En 1935 se publicó también la ‘Citación-fatal’ de Miguel Hernández. El autor de ‘El rayo que no cesa’ –como el toro, he nacido para el luto-, también describe en versos el ocaso del hombre de luces: “Quisiera yo, Mejías,/ a quien el hueso y cuerno/ ha hecho estatua, callado, paz, eterno,/ esperar y mirar, cual tú solías,/ a la muerte: ¡de cara!, / con un valor que era temor interno/ de que no te matara”

Federico García Lorca publicó su ‘Llanto’ en marzo de 1935. “A las cinco de la tarde/ eran las cinco en punto de la tarde...” Así comienza la que, posiblemente, es la mejor elegía escrita en castellano y la pieza que más y mejor ha mitificado la figura del polifacético matador por encima, incluso, de su cuñado José, al que le faltaron cantores literarios hasta la moderna revisión de su figura. “¡Que no quiero verla/ dile a la Luna que venga/ que no quiero ver la sangre/ de Ignacio sobre la arena!” escribió Federico, que realiza un escalofriante retrato literario de Ignacio: “No hubo príncipe en Sevilla/ que comparársele pueda/ ni espada como su espada/ ni corazón tan de veras./ Como un río de leones/ su maravillosa fuerza/ y como un torso de mármol/ su dibujada prudencia./ Aire de Roma andaluza/ le doraba la cabeza./ donde su brisa era un nardo/ de sal y de inteligencia./ ¡Qué gran torero en la plaza!/ ¡Qué buen serrano en la sierra!/ ¡Qué blando con las espigas!/ ¡Qué duro con las espuelas!/ ¡Qué tierno con el rocío!/ ¡Qué deslumbrante en la Feria!/ ¡Qué tremendo con las últimas/ banderillas de tiniebla!
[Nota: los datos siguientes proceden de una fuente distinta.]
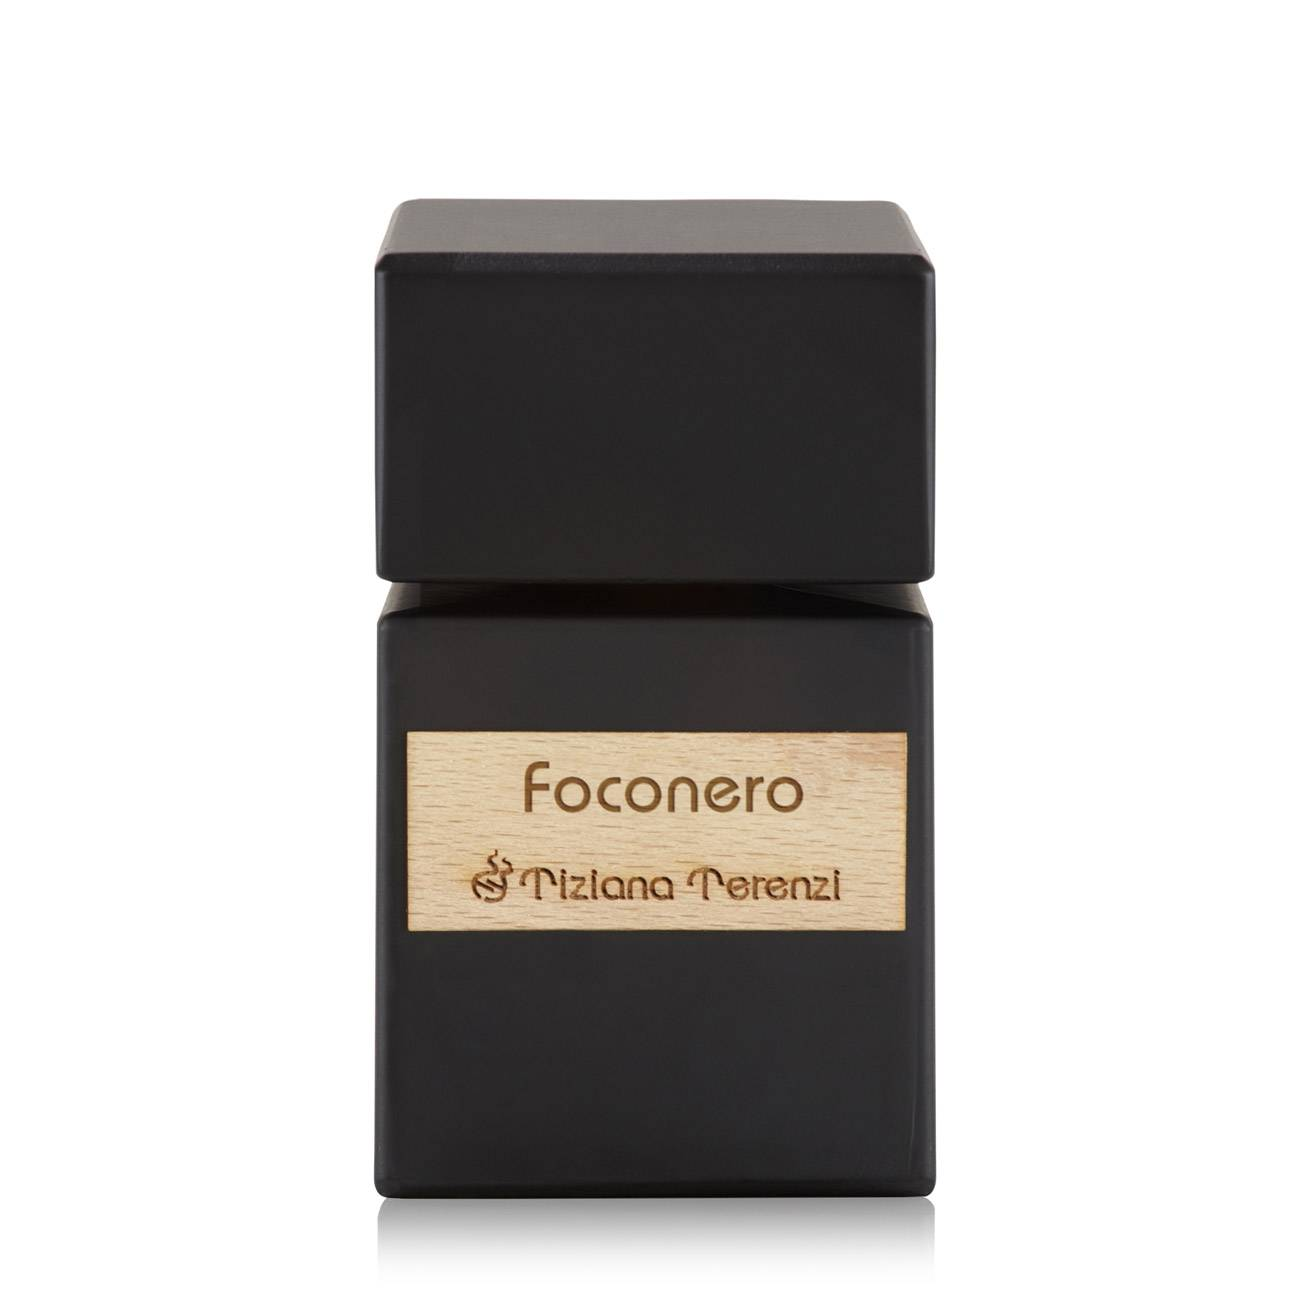 FOCONERO 100ml imagine produs

El poeta granadino no sabía que estaba dictando su propio epitafio. Dos años después encontraría aquella muerte absurda y evitable, fusilado en el barranco de Víznar junto a un maestro de escuela y –paradojas del destino– dos banderilleros anarquistas. Los cañones iban a silenciar para siempre aquella luminosa Edad de Plata.